I ran home after school. I needed to fix that zone as soon as possible.

I picked up all the dirty laundry and stuffed it into the washing machine along with the bedding. Since I started hanging out with Michel I've bought two more sets of sheets for these occasions.

I spent all afternoon cleaning up. I felt a huge shame about myself. How could I alone have accumulated so much garbage?

Luckily at six—thirty I finished everything and ran to the shower.

He was always anxious and excited about Michel's visits. I always felt like the first time he came here.

I had never had a serious relationship. My first love was the classic straight best friend cliche. But unlike the stories, it never came true. The most I could do was hang out with his gay younger brother.
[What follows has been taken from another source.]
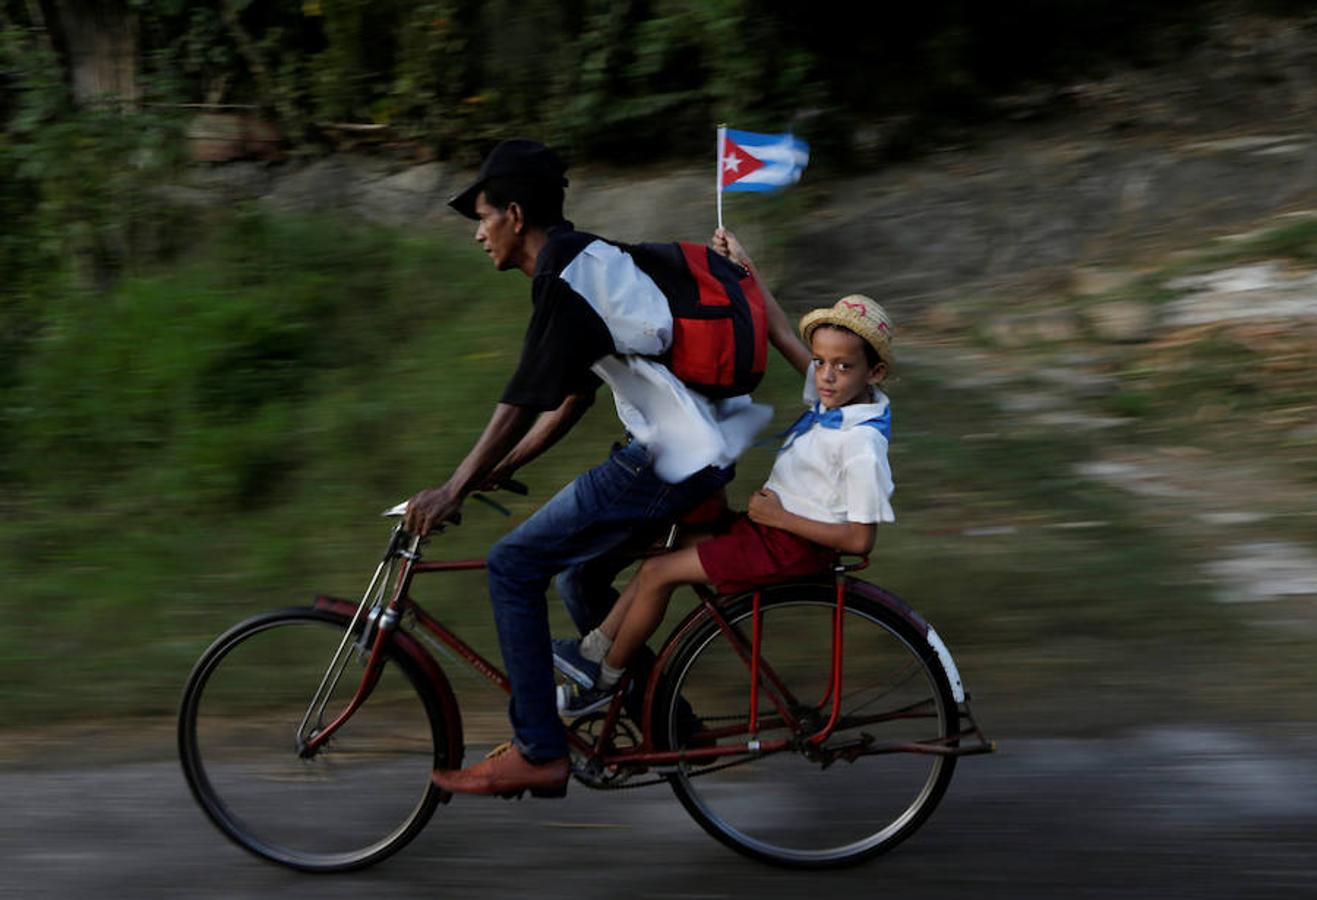 Última pedaladas de un cubano, que se dirigía a Santiago de Cuba en bicicleta junto a su hijo
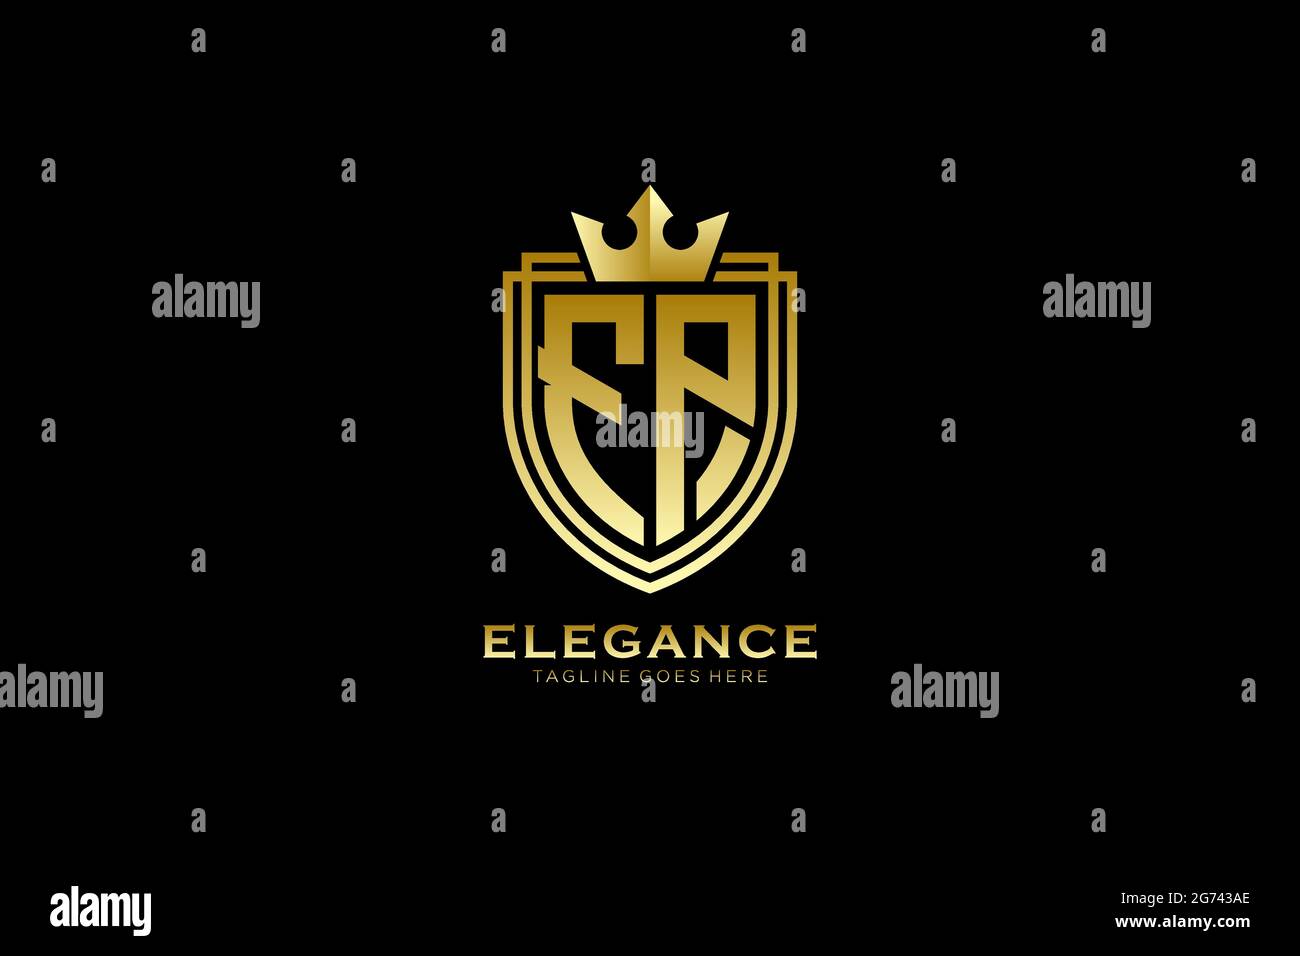 FP Elegantes Luxus-Monogramm-Logo oder Badge-Vorlage mit Rollen und königlicher Krone - perfekt für luxuriöse Branding-Projekte Stock Vektor

Unfortunately, this whole situation became untenable and I chose to stay away from both of them. She missed the friendship she shared with the two of them, but she couldn't bear this emotional confusion.

Nowadays I realize that it was the best decision I made. I managed to overcome this one—sided love and move on.

Just before seven the intercom rang and I rushed to answer.

I cleared Michel's entrance and went to wait for him at the door.

When I saw him get off the elevator, I wanted to jump on him. Michel was wearing a white T—shirt and jeans. Her blonde hair was modeled with gel and her brown eyes sparkled like her smile.

It was a huge exercise in patience waiting for him to enter the door to hug and kiss him.

But every second of waiting was worth it.

As soon as I glued my mouth to his and felt his tongue on mine and my body melted into his.

—I missed you too, baby,— he said in my mouth. —Do you smell that good to me?—

—Always for you.—

Although he was always insecure when I saw him in college, when we were together alone he was always very affectionate with me. And that tore away all the uncertainties I felt.

We continued kissing until we fell into bed. I tore off his clothes greedily as I ran a hand down his body. He still had some bruising from the boxing lessons he took, but it didn't seem to hurt anymore.

He looked as hungry as I did, and we devoured each other with all the accumulated horniness we were feeling.